Everyone pretty much agrees that, if Greece could devalue its currency,
as did Argentina, its economy would benefit. But it was also relatively
easy for Argentina to devalue the peso by severing its link to the
United States dollar, a tie that was self-imposed. As Mr. Varoufakis put
it, Greece doesn’t have a currency that’s pegged to the euro: “It has
the euro.” The practical challenge of disseminating a new currency would
be enormous. Moreover, Greek savings now denominated in euros (and, in
many cases, deposited in European banks outside Greece) can’t be
converted to drachmas, as the Argentines converted savings into pesos.
Converting to the drachma would also be a crushing blow to the private
sector, much of which finances its activities with euro-denominated
loans from non-Greek banks. “They wouldn’t be able to service the debt
with devalued drachmas,” Mr. Porzecanski said. Nor would Greek courts
have the final say in any ensuing litigation.
In Argentina, “the government ruled that a corporation or bank that owed
debts denominated in dollars were payable in pesos at a one-to-one
exchange rate,” Mr. Porzecanski said. “They could do that with internal
debt. But Greek companies have a lot of cross-border obligations. The
European Central Bank has kept Greek banks alive. Its collateral would
be worth only a small fraction if Greece leaves the euro. The Greek
banks would be insolvent immediately.”
In sum, he said, “It would be a royal mess.”
But as game theorists point out, there’s no guarantee a rational outcome
will prevail.
After surging early this week on optimism that Greece had come forward
with a workable proposal, markets gyrated on concerns that it still
didn’t go far enough to satisfy Greece’s major creditors. And Mr.

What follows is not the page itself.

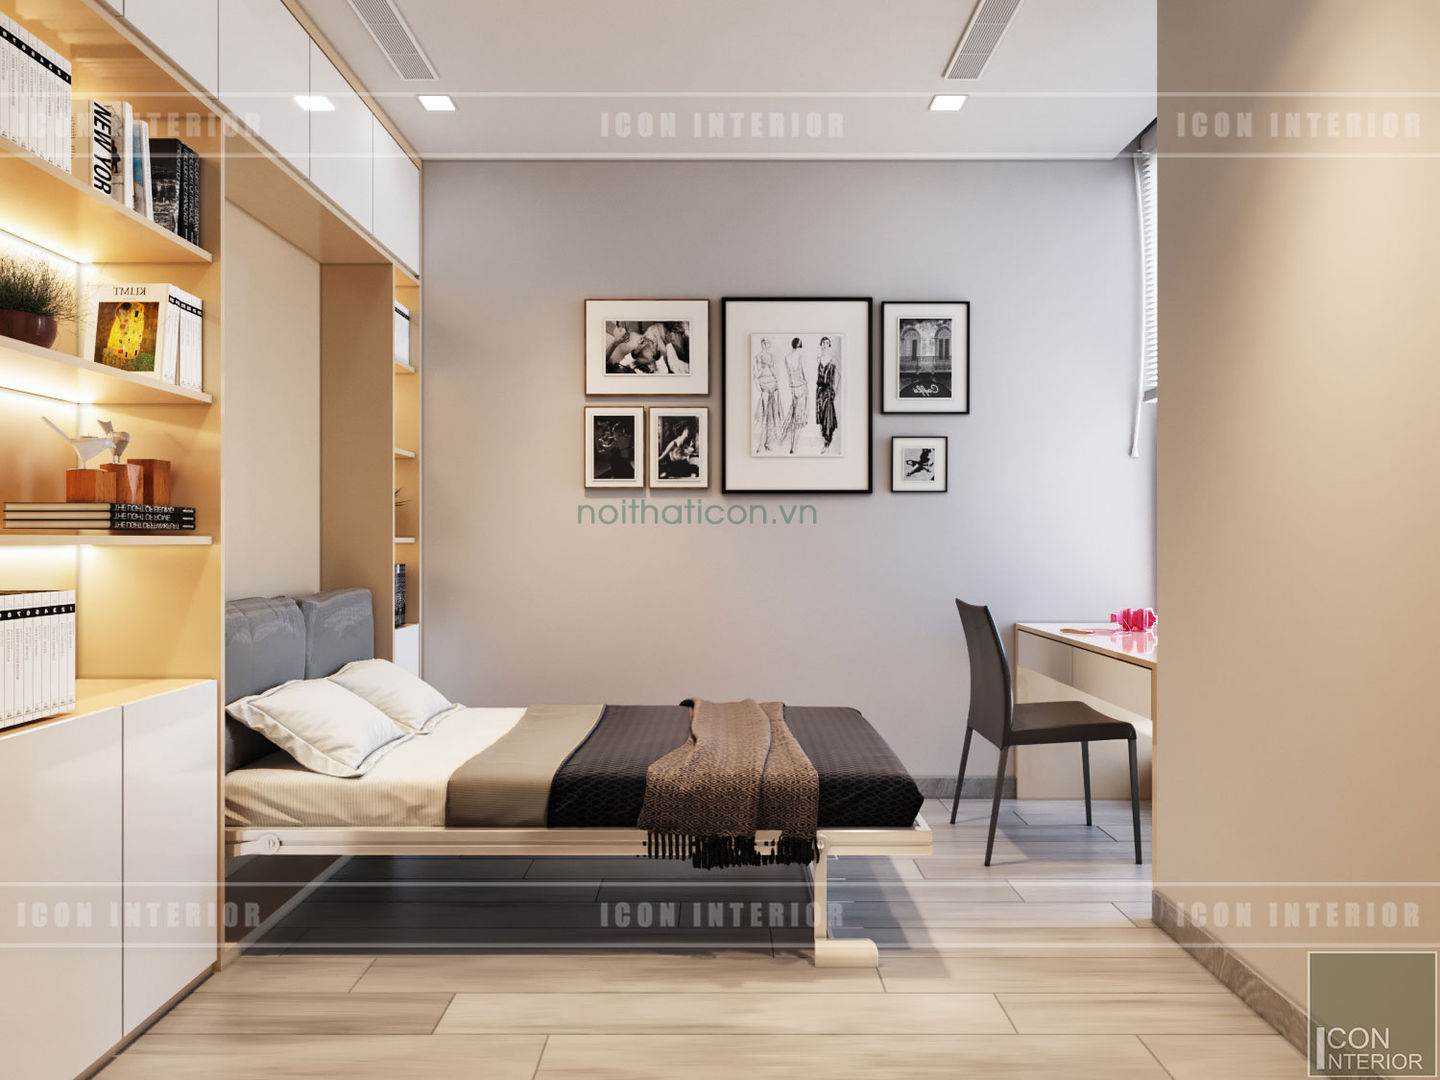 Thiết kế nội thất phong cách hiện đại thanh lịch và thân thiện, ICON INTERIOR ICON INTERIOR 臥室

Varoufakis, while conceding that leaving the euro would be a disaster,
still contends a Greek default would be manageable and give Greece more
leverage in longer-term negotiations to keep Greece in the European
Union and eurozone.
No matter how much worse it might be for Greece than Argentina, “the
outcome will ultimately be determined by politics, not economics,” Mr.
Gros said. “Economists are terrible at predicting political outcomes.”
Mr. Porzecanski put it another way: “Do the Greek people know they’re
playing with fire and might get burnt? It’s what they voted for, and
they seem to have voted with their eyes wide open. Not everyone values
prosperity the same way” as people in the United States and most of
Europe do.
For others, which evidently includes many Greeks, ceding national
sovereignty to foreign lenders may be worse than economic chaos. As Mr.
Varoufakis wrote, “I salute the Argentinian people for having toppled a
regime, and more than one government, that tried so desperately to
sacrifice a proud people on the altar of I.M.F.-led austerity.”
People in countries like Venezuela and Cuba have tolerated failed
economies and low standards of living for years, and the Russians seem
all too willing to follow President Vladimir Putin into recession.
“Populism and nationalism,” Mr. Porzecanski said, “are still potent forces.”